During the end of the 20th century and the beginning of the 21st century the discussion on early human behavioral patterns revolved around the hunting versus scavenging debate. The correct identification of bone modifications, including percussion, cut and tooth marks, is a key issue within this debate. While many authors have shown that carnivore and human modifications can be easily distinguished, it is true that sometimes percussion marks without associated microstriations and tooth pits overlap morphologically, causing confusion, especially when unmodified hammerstones are used. In order to solve this equifinality problem, many investigations have focused their efforts on other pieces of evidence such as the identification of notches, fragmentation patterns and frequencies, among others. These studies, however, cannot be considered as fully conclusive. Within this paper we address the problem of equifinality when identifying percussion marks produced with unmodified hammerstones and tooth pits created by carnivores using new methodologies based on the 3D reconstruction of marks and their statistical multivariate analysis. For the purpose of this study a total of 128 marks- 39 percussion marks produced with an unmodified quartzite hammerstone, and 89 pits generated by different carnivores-were virtually modelled with the aid of a DAVID structured-light scanner SLS-2 and later analyzed by means of geometric morphometrics. Our results show that percussion marks not associated with striae fields and the pits generated by the carnivores studied here can be successfully distinguished.
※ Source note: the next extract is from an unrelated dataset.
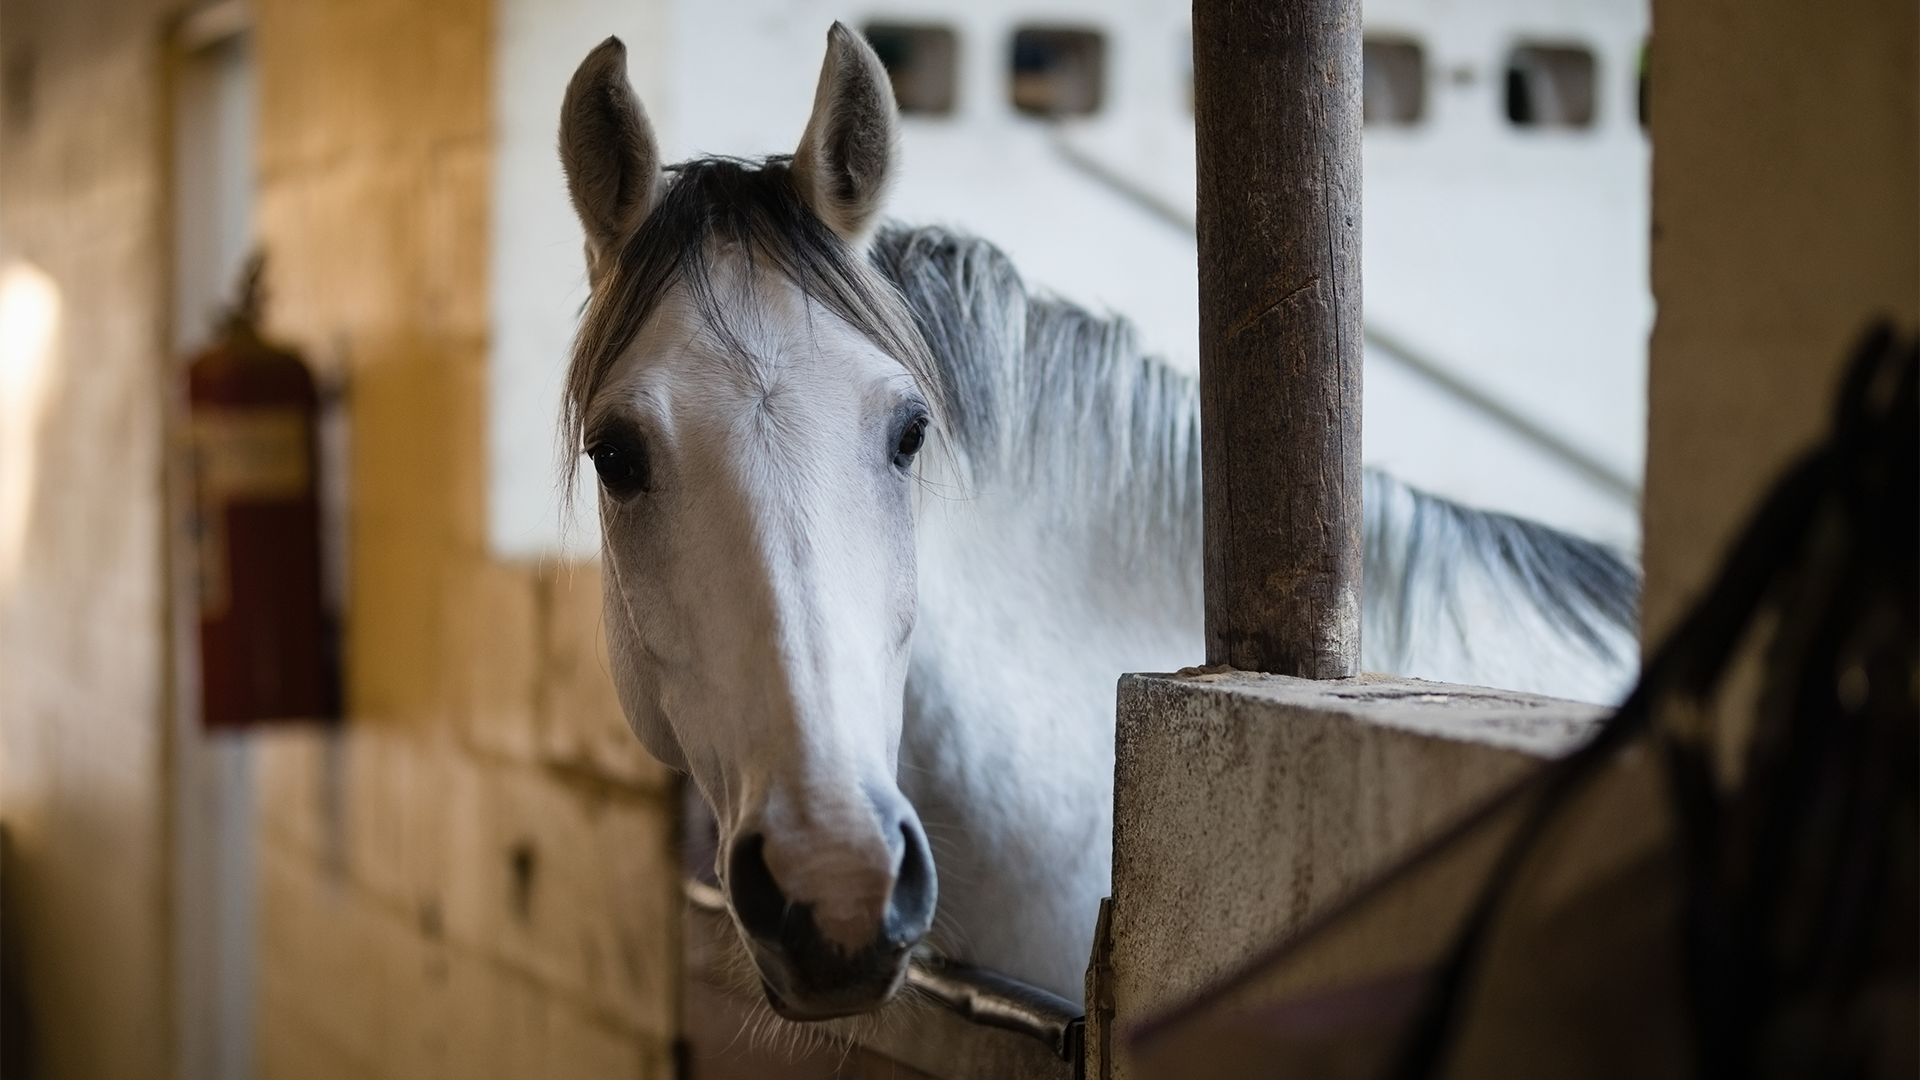 La Société pour la prévention de la cruauté envers les animaux (SPCA) de Montréal dénonce l'exportation de chevaux vivants vers le Japon à des fins de consommation humaine, une pratique qui devait être interdite par le gouvernement fédéral.

Assessment of statistical agreement of three techniques for the study of cut marks: 3D digital microscope, laser scanning confocal microscopy and micro-photogrammetry.

In the last few years, the study of cut marks on bone surfaces has become fundamental for the interpretation of prehistoric butchery practices. Due to the difficulties in the correct identification of cut marks, many criteria for their description and classification have been suggested. Different techniques, such as three-dimensional digital microscope (3D DM), laser scanning confocal microscopy (LSCM) and micro-photogrammetry (M-PG) have been recently applied to the study of cut marks. Although the 3D DM and LSCM microscopic techniques are the most commonly used for the 3D identification of cut marks, M-PG has also proved to be very efficient and a low-cost method. M-PG is a noninvasive technique that allows the study of the cortical surface without any previous preparation of the samples, and that generates high-resolution models. Despite the current application of microscopic and micro-photogrammetric techniques to taphonomy, their reliability has never been tested. In this paper, we compare 3D DM, LSCM and M-PG in order to assess their resolution and results. In this study, we analyse 26 experimental cut marks generated with a metal knife. The quantitative and qualitative information registered is analysed by means of standard multivariate statistics and geometric morphometrics to assess the similarities and differences obtained with the different methodologies.